*TASK INSTRUCTIONS*. The listing below is to be given again in full and word for word, without its images.

*SUPPLIED MATERIAL*.
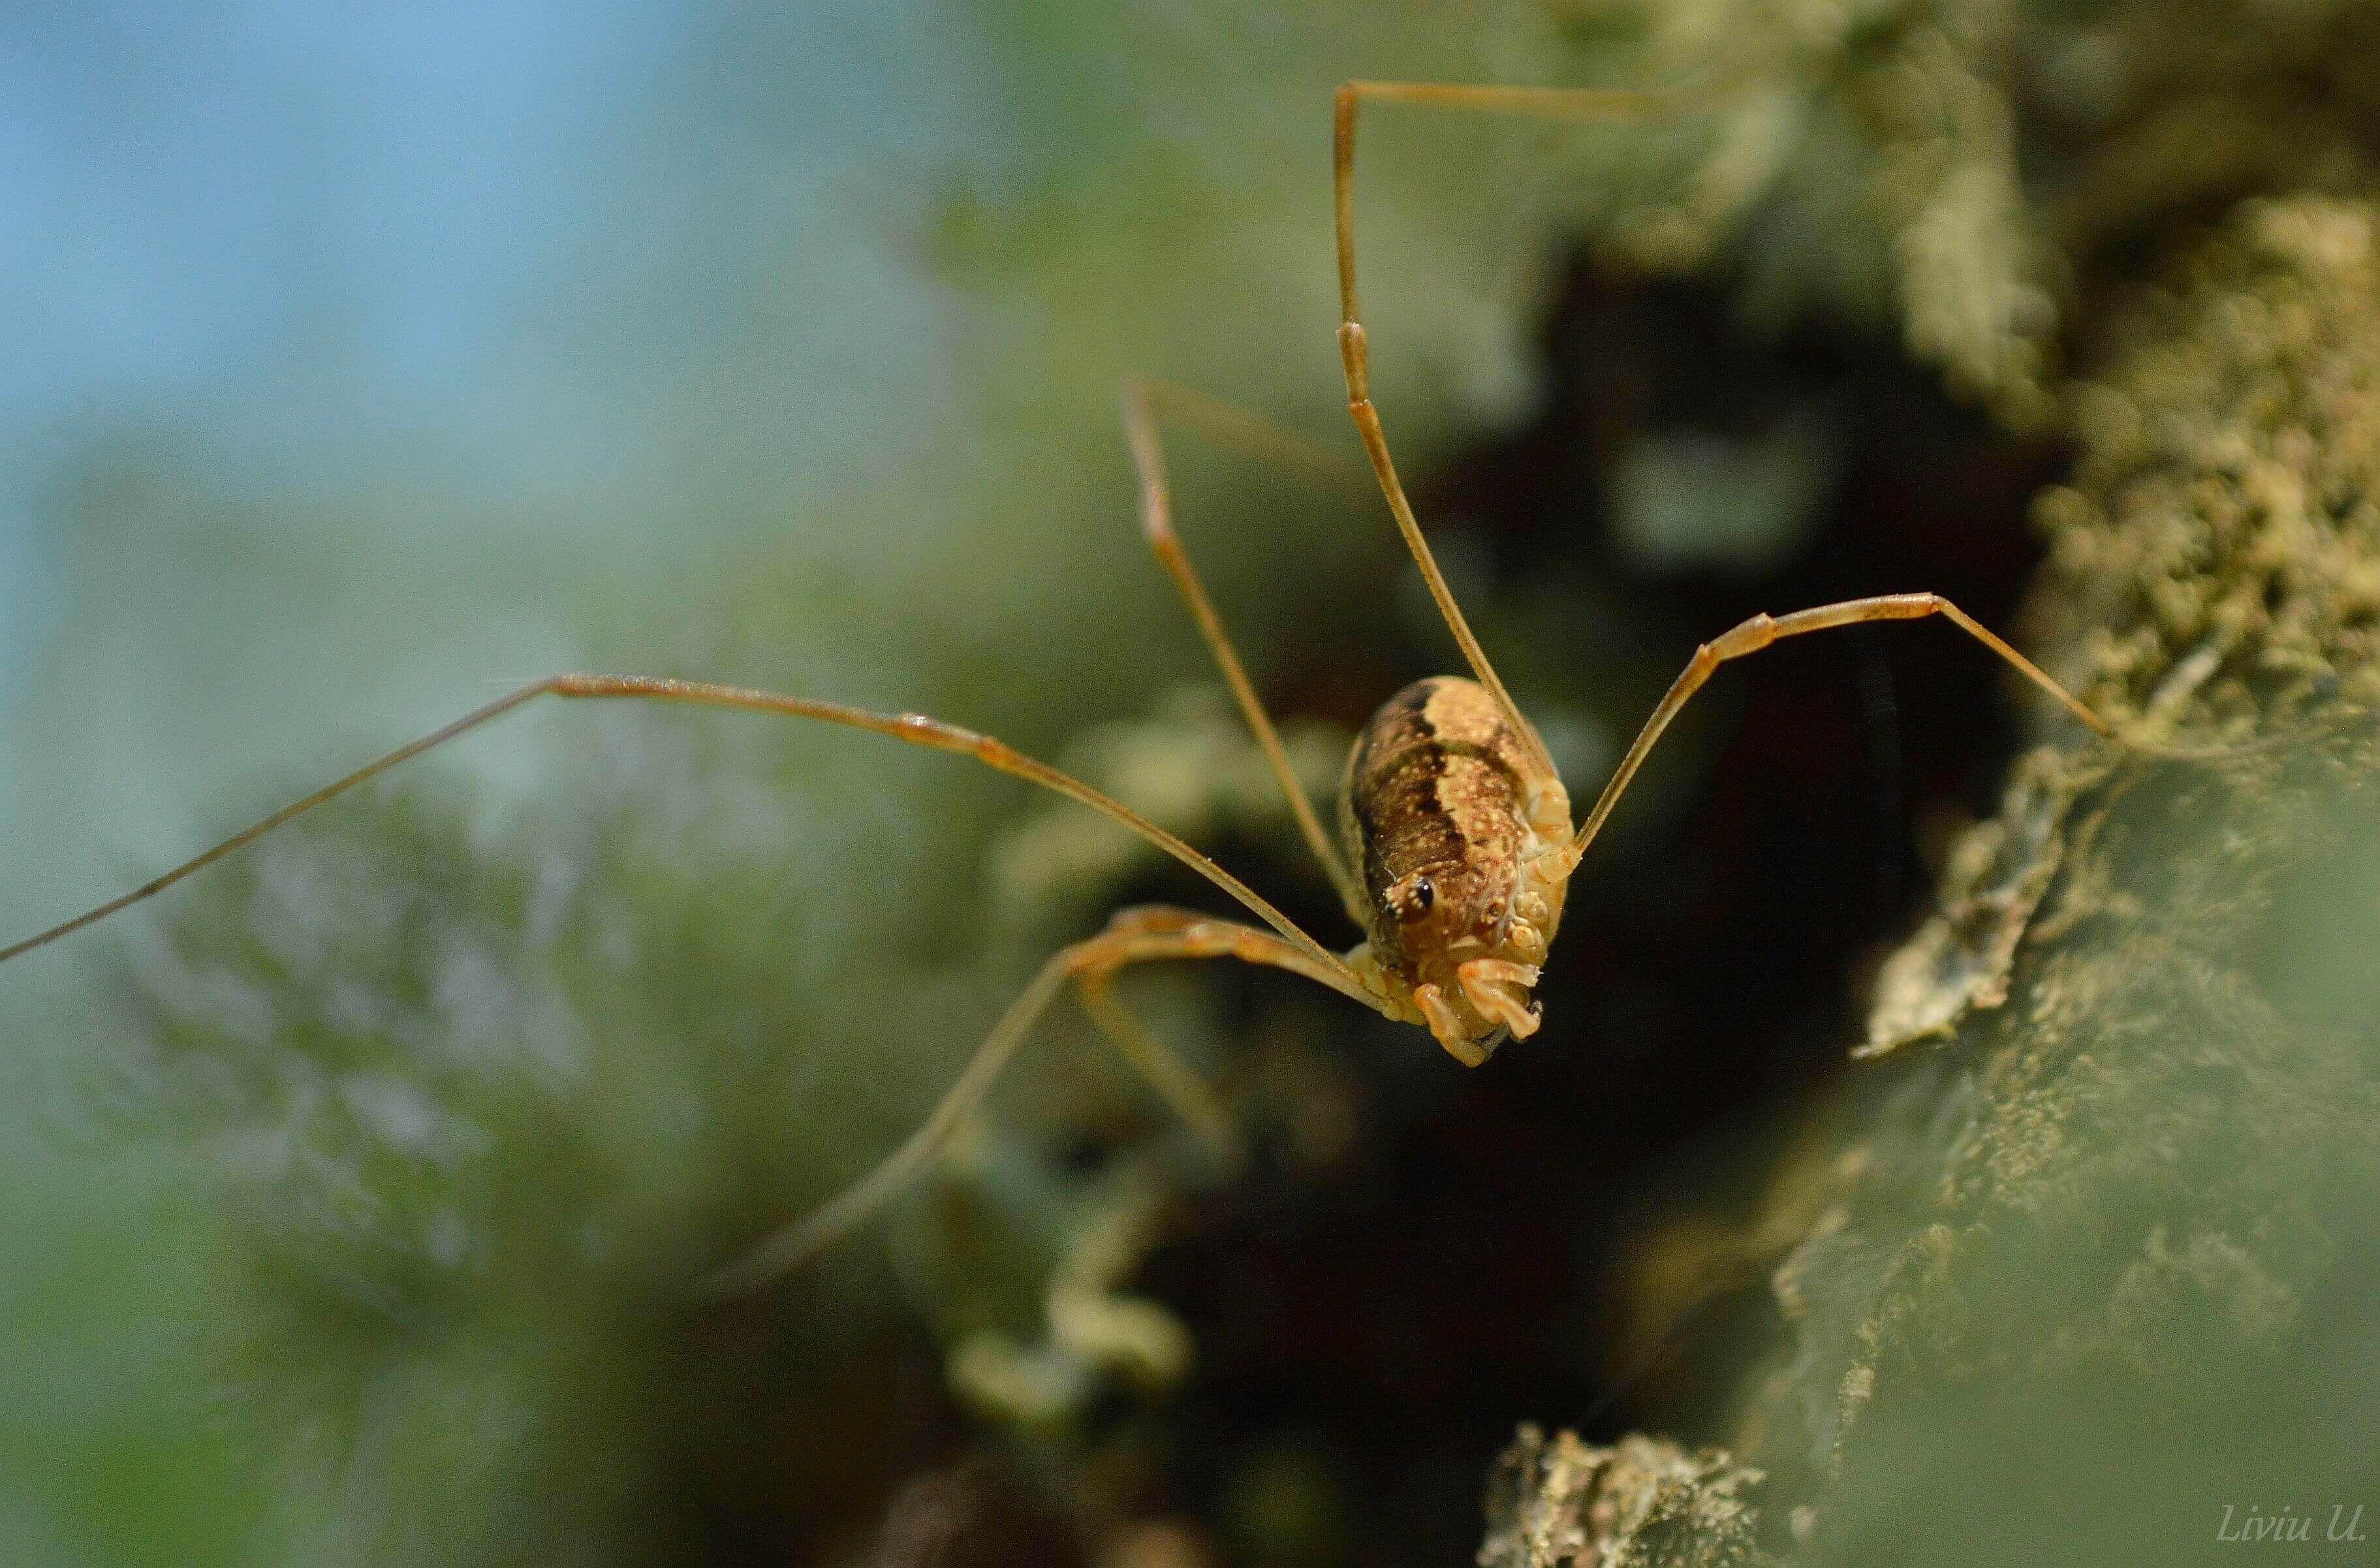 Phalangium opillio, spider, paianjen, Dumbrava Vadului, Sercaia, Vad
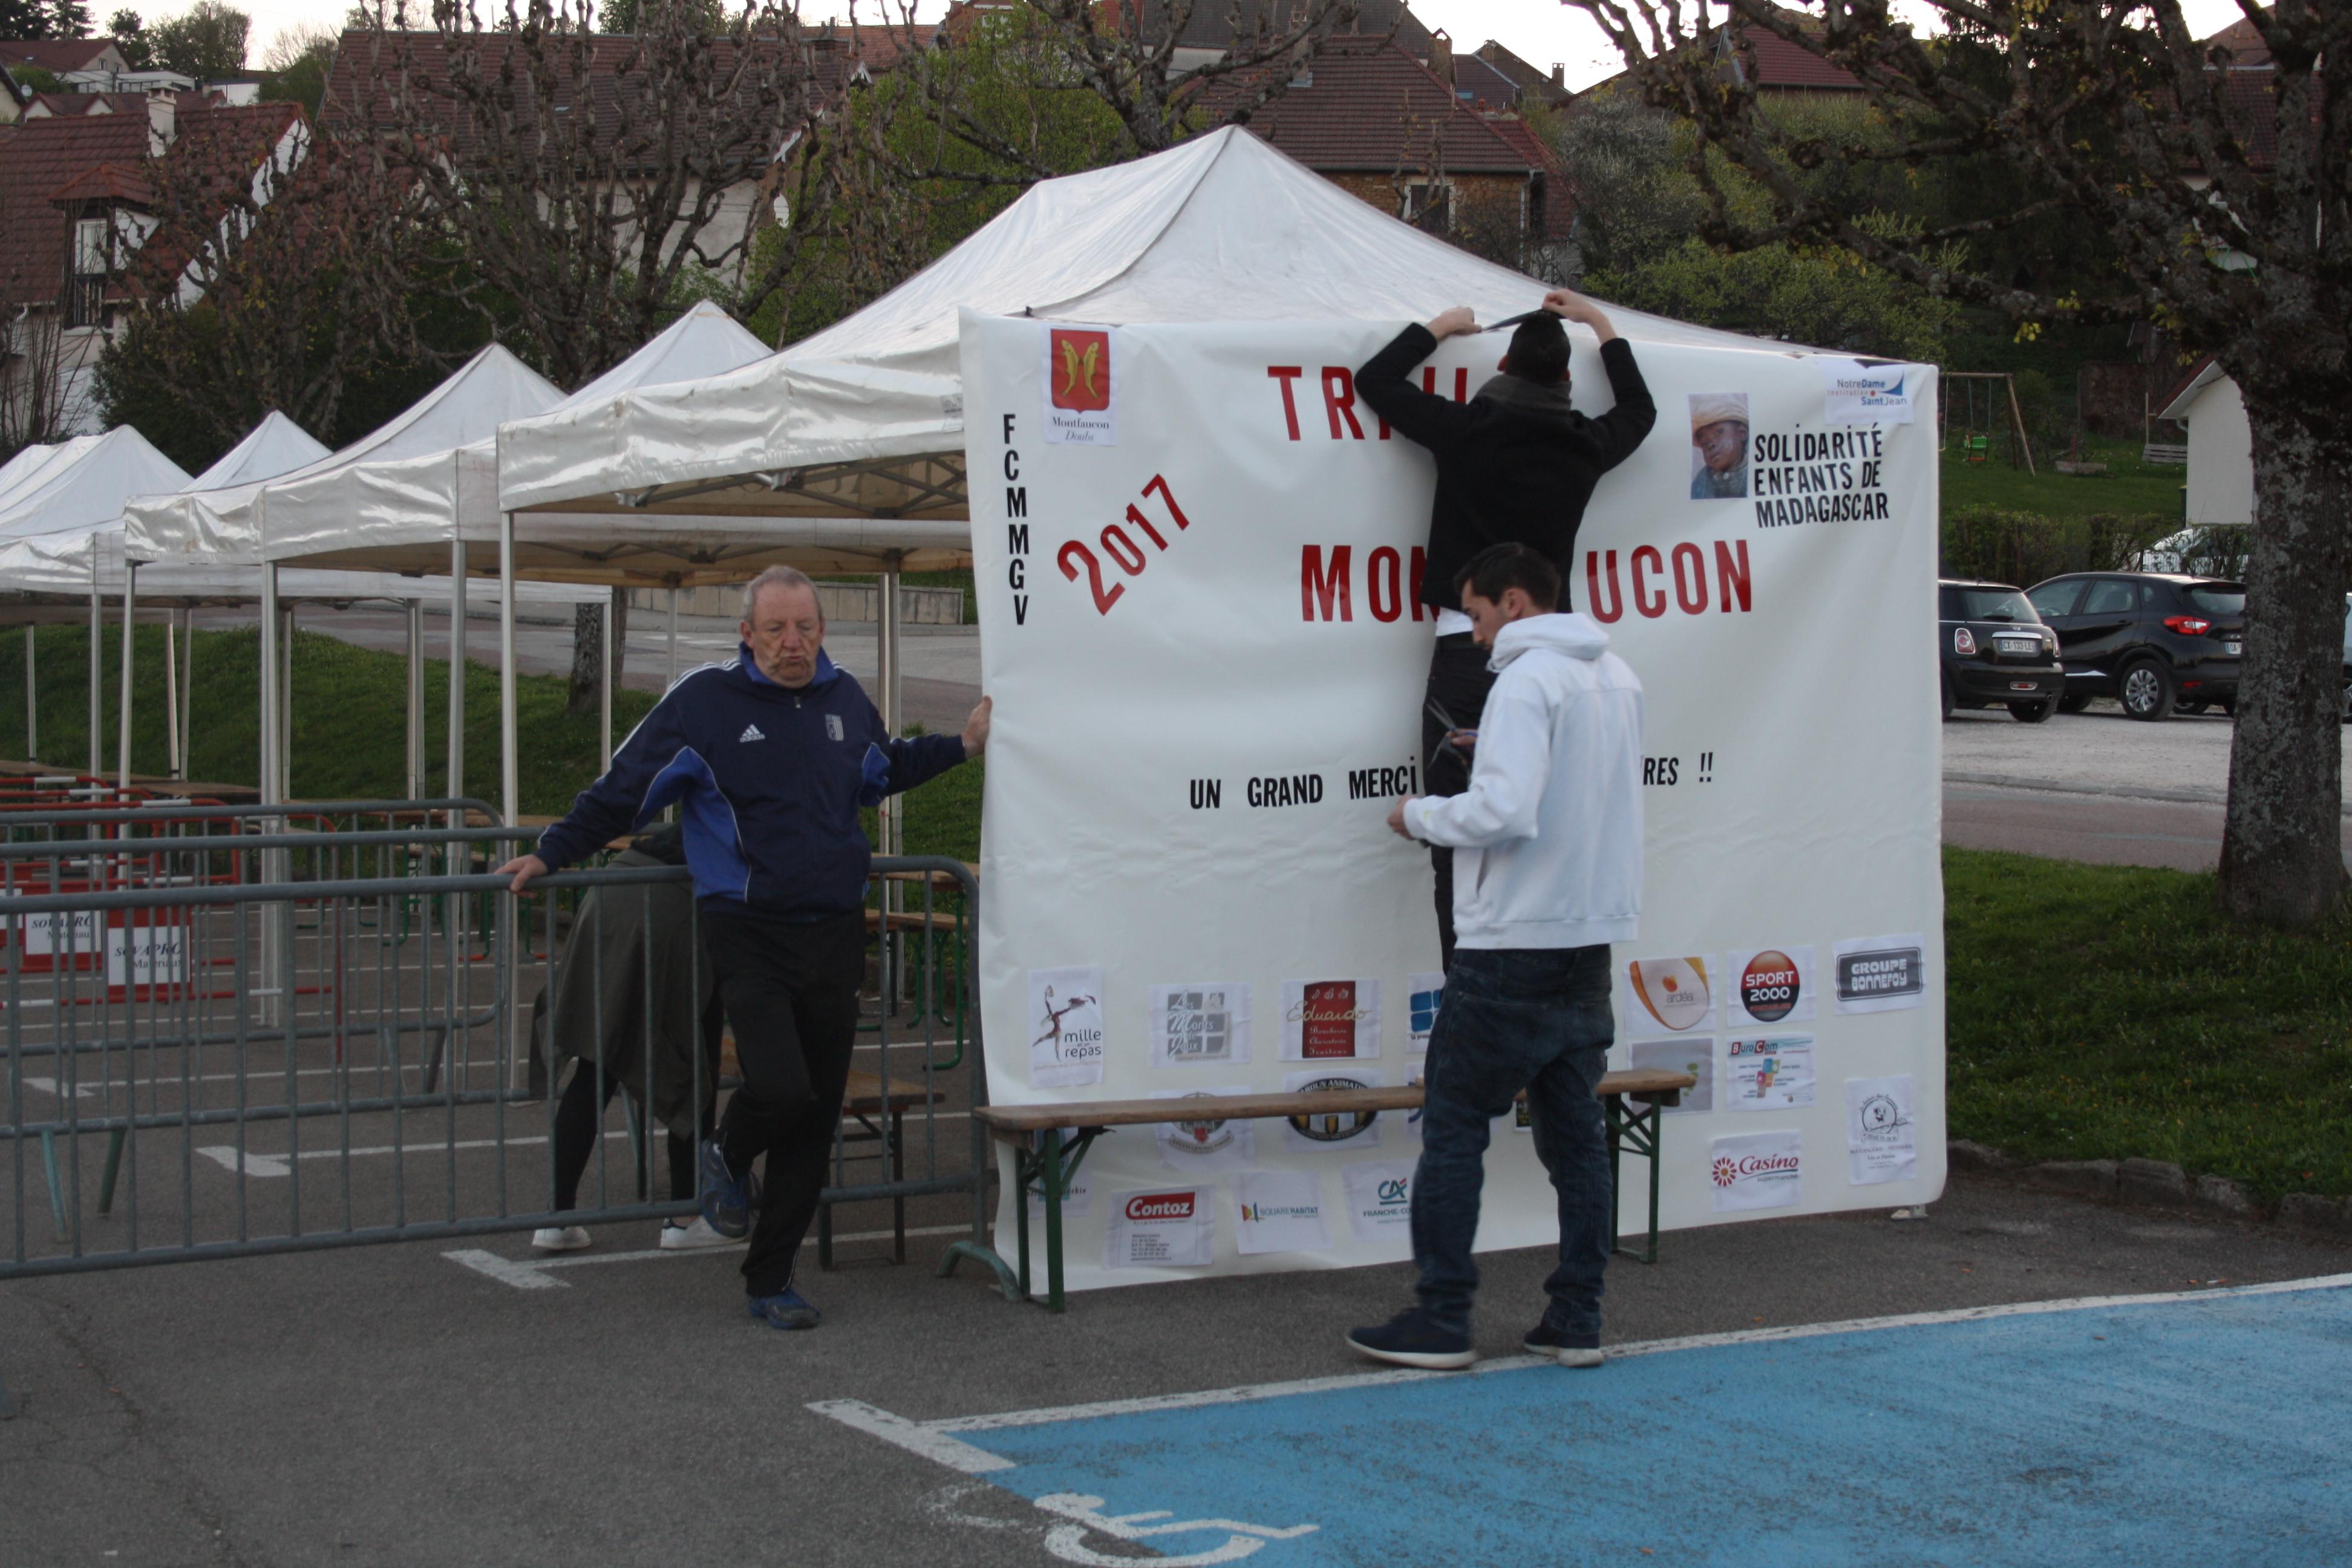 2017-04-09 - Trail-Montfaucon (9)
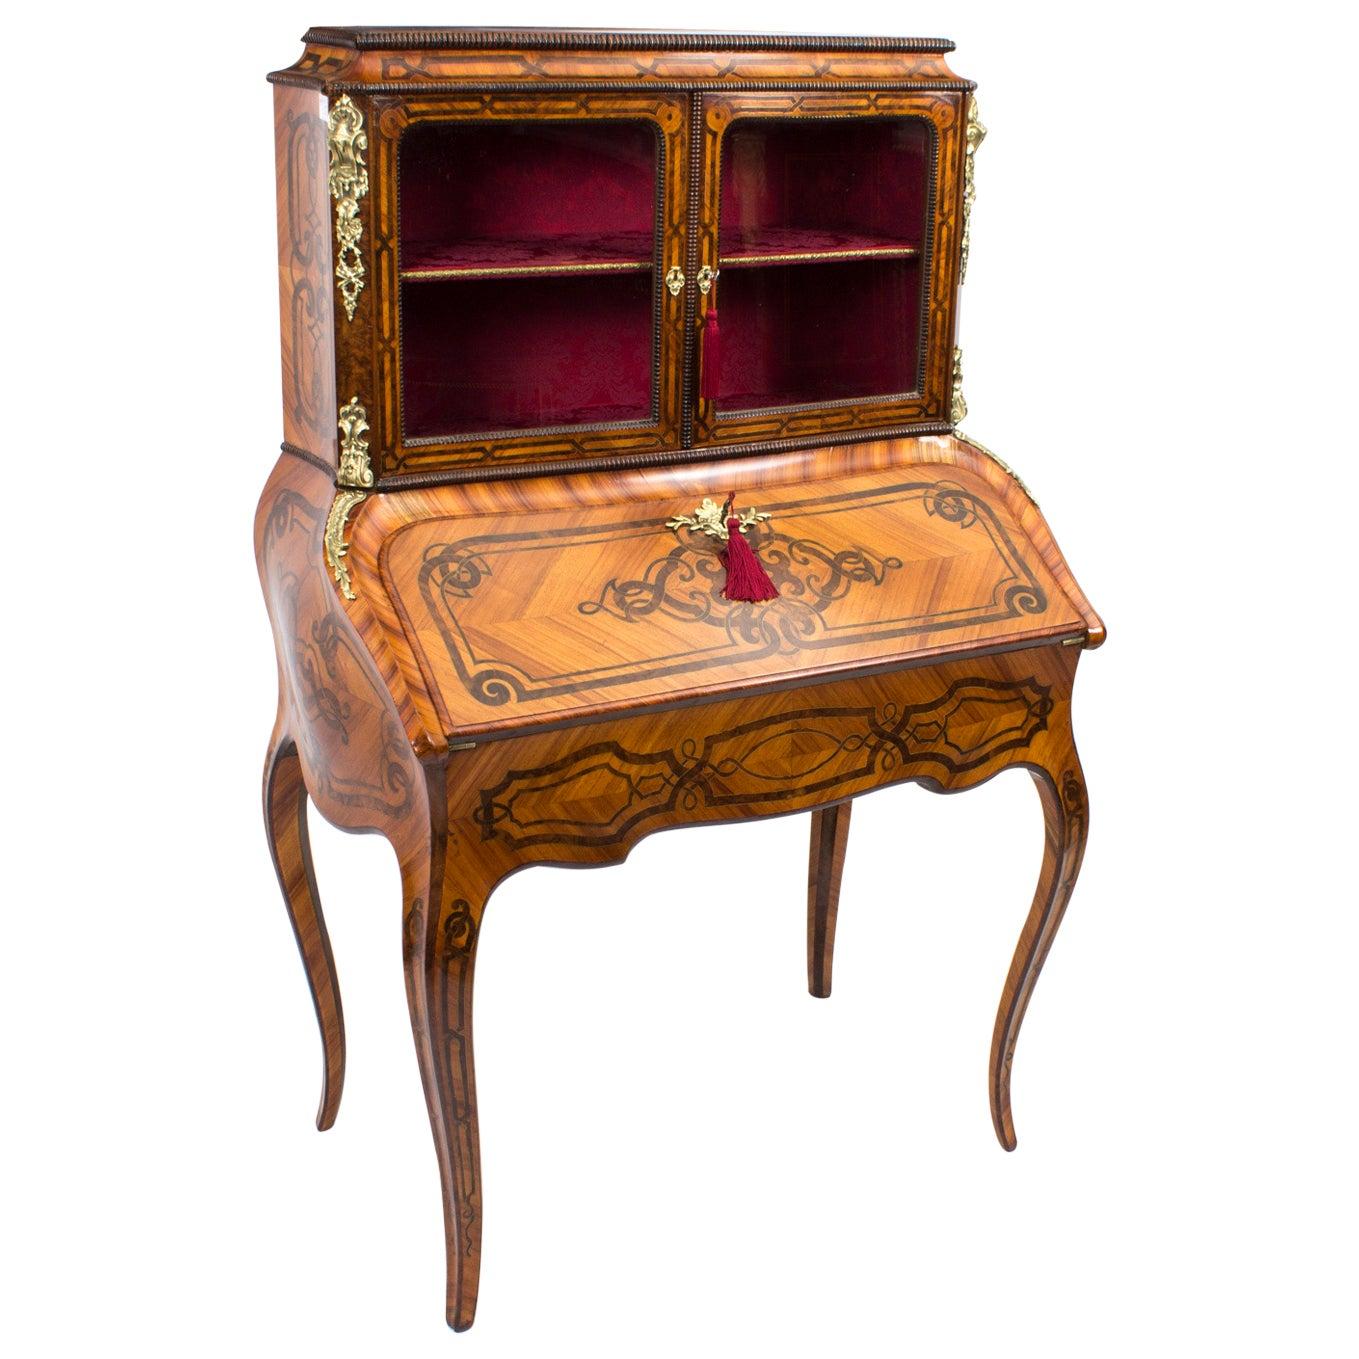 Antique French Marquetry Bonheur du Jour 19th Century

*SOLUTION*.
 Phalangium opillio, spider, paianjen, Dumbrava Vadului, Sercaia, Vad
 2017-04-09 - Trail-Montfaucon (9)
 Antique French Marquetry Bonheur du Jour 19th Century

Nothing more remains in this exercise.